SVD factorizes a matrix $A \in \mathbb{R}^{mxn}$ such that $A = U\Sigma V^T$, quoting from Deisenroth et al:
Instead of doing the full SVD factorization, we will now investigate how the SVD allows us to represent a matrix $A$ as a sum of simpler (low-rank) matrices $A_i$, which lends itself to a matrix approximation scheme that is cheaper to compute than the full SVD. We construct a rank-1 matrix $A_i \in \mathbb{R}^{mxn}$ as: $$A_i := u_iv_i^T,$$ which is formed by the outer product of the ith orthogonal column vector of $U$ and $V$.
Each $A_i$ is then multiplied by its corresponding $\sigma _i$ in $\Sigma$, and all the rank-1 matrices are summed up to the chosen rank approximation.
I need to understand the intuition behind using the outer product, I know that each rank-1 matrix is weighted by its singular value (which is sorted in a descending order, so that the last few matrices in the summation have minimal weight), but I can't grasp how the outer product does the trick.
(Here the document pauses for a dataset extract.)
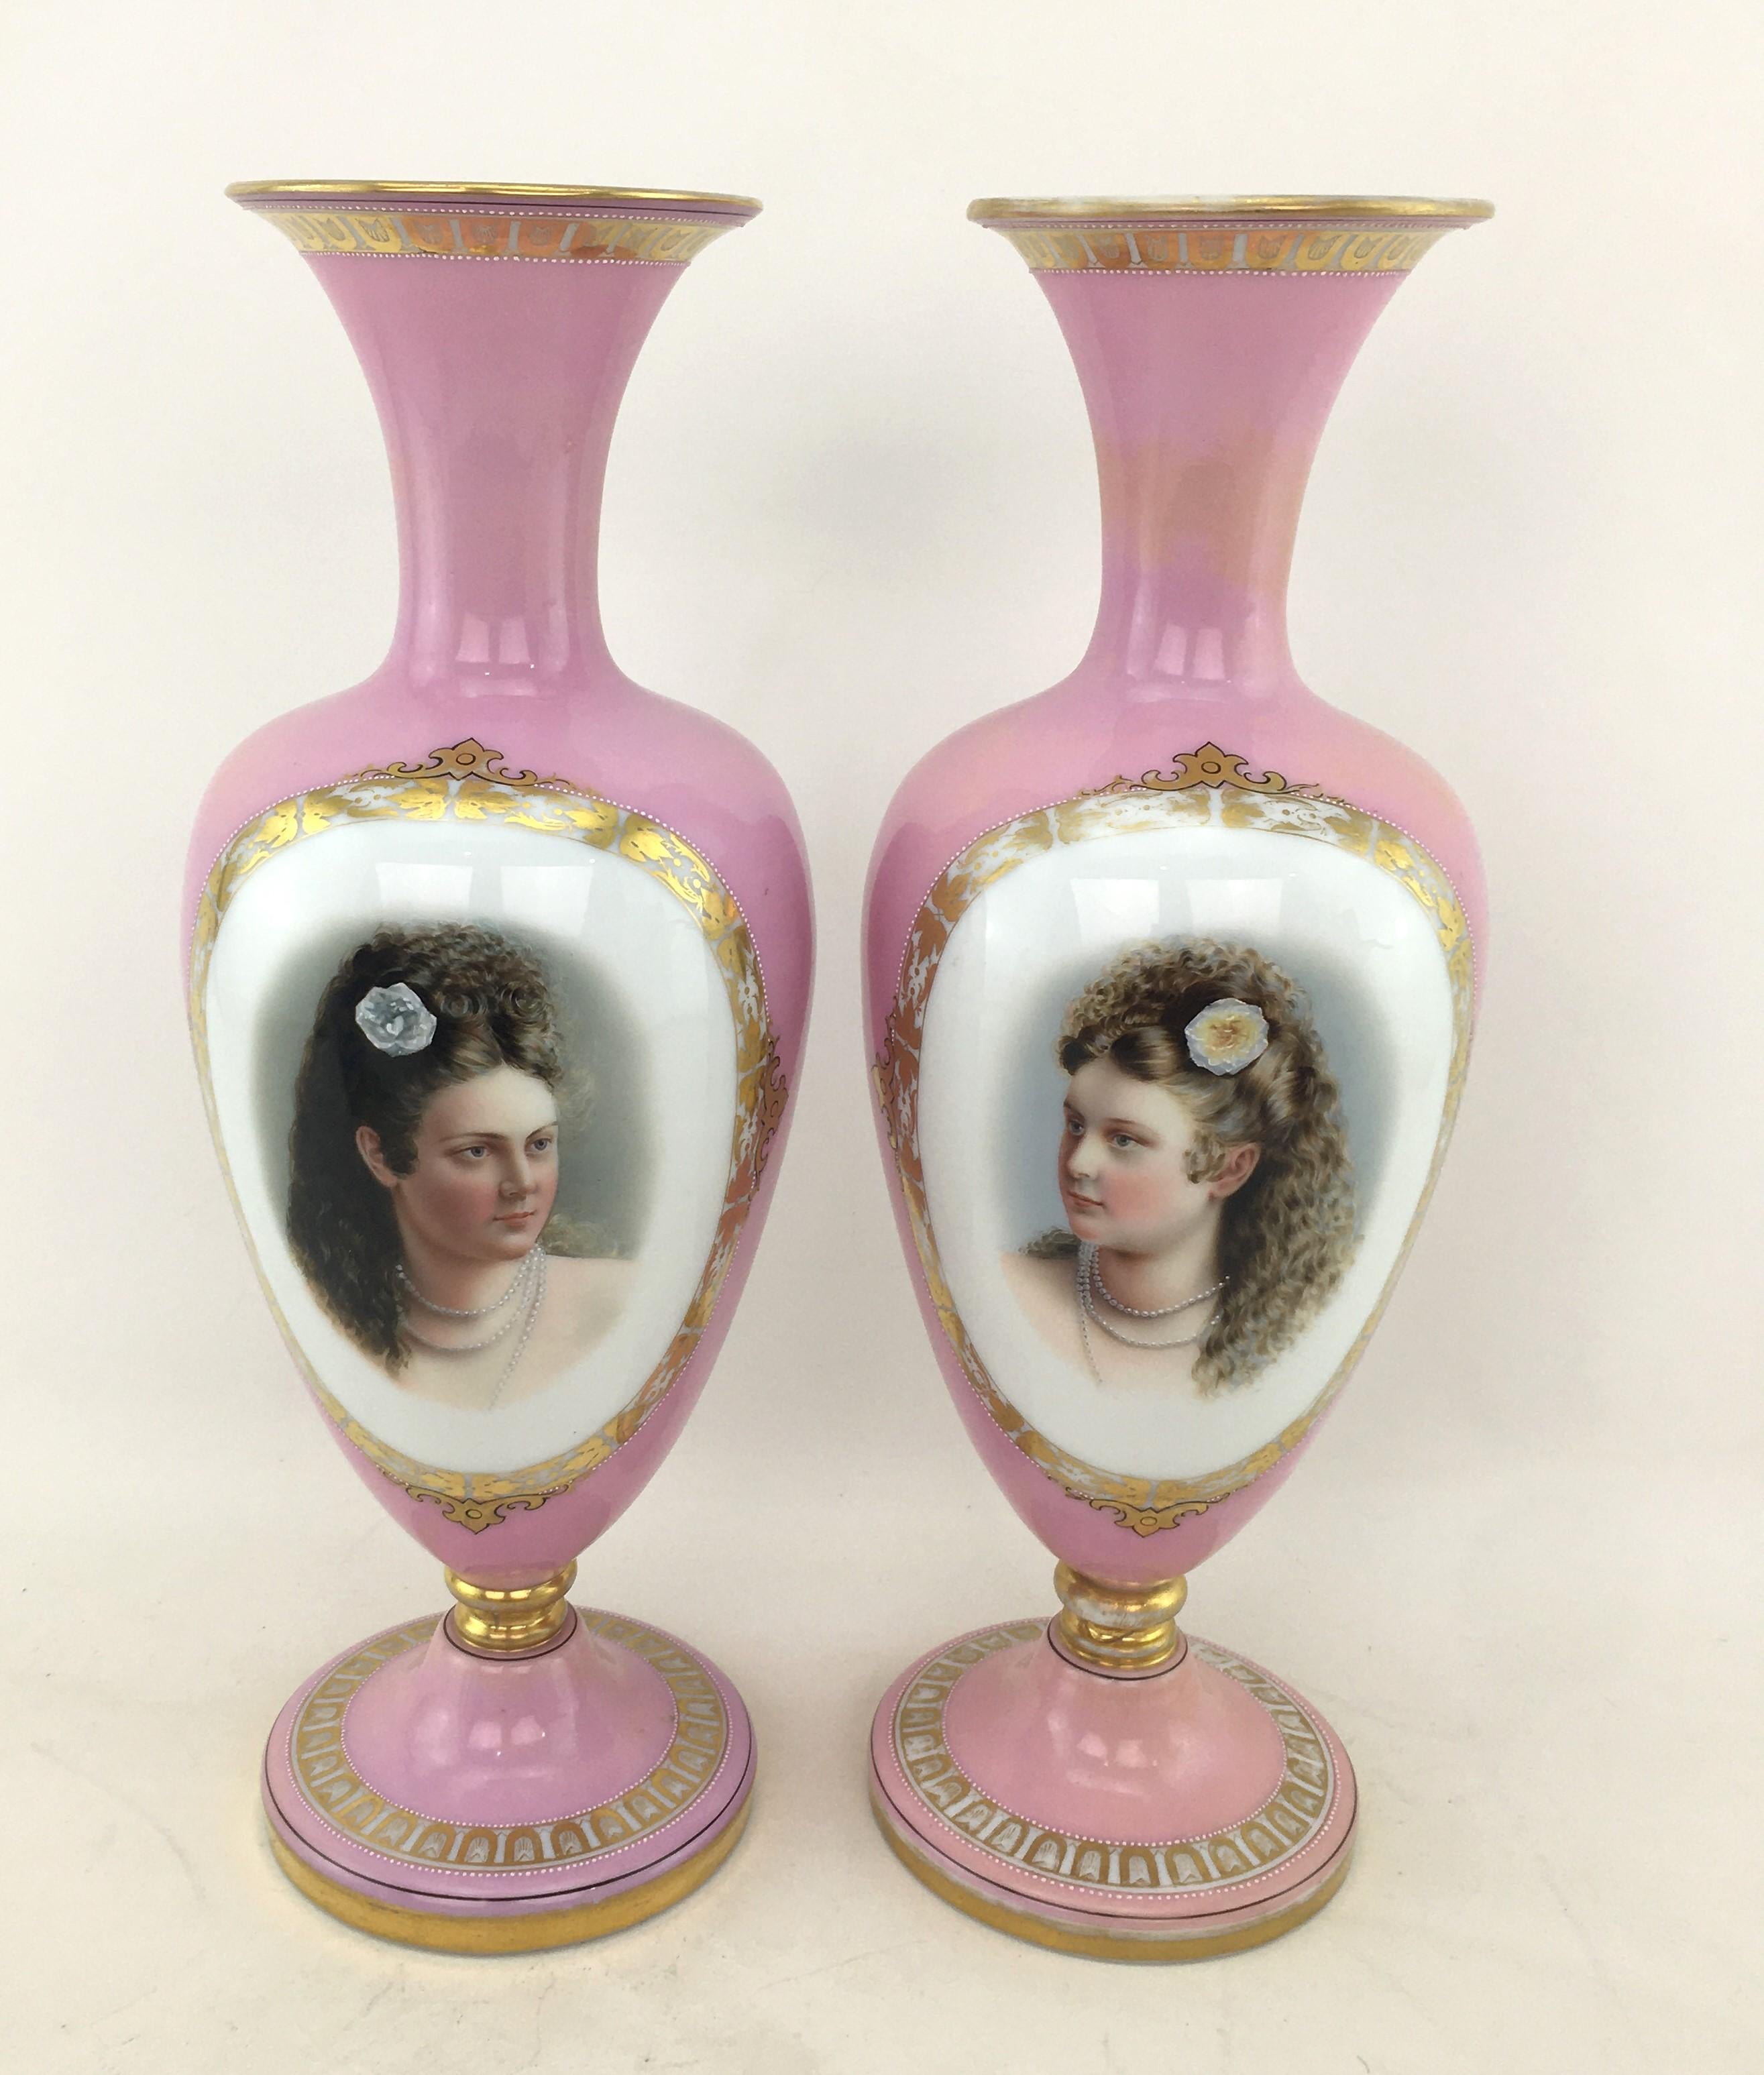 This pair of antique vases are unsigned, but presumed to have originated from Austria and date to approximately 1900 and done in the Victorian style. The vases are composed of cased glass with pink over white with a lustre overglaze and feature a

So, any pointers?
Write the singular value decomposition as \begin{equation*} A = U\Sigma V^\top = \begin{bmatrix} u_1 & u_2 & \cdots & u_m\end{bmatrix}\begin{bmatrix}\tilde{\Sigma} & 0_{r\times (n-r)} \\ 0_{(m-r)\times r} & 0_{(m-r)\times(n-r)} \end{bmatrix}\begin{bmatrix} v_1^\top \\ v_2^\top \\ \vdots \\ v_n^\top \end{bmatrix} \end{equation*} where $\tilde{\Sigma} = \begin{bmatrix}\sigma_1 & 0 & \cdots & 0 \\ 0 & \sigma_2 & \cdots & 0 \\ \vdots & \vdots & \ddots & \vdots \\ 0 & 0 & \cdots & \sigma_r\end{bmatrix}$. Then multiplying out the above expression yields \begin{equation*} A = \sum_{i=1}^r \sigma_i u_i v_i^\top. \end{equation*} You can now drop terms from the above dyadic sum in order to approximate $A$ by its leading principal components. In fact, by the Eckart–Young–Mirsky theorem, we can show that the best rank-$k$ approximation of $A$ (in terms of the spectral norm and the Frobenius norm) is given by \begin{equation*} \hat{A}^* = \arg\min_{\text{rank}(\hat{A}) \le k}\|\hat{A} - A\| = \sum_{i=1}^k\sigma_i u_iv_i^\top. \end{equation*} See here for a proof of this optimality.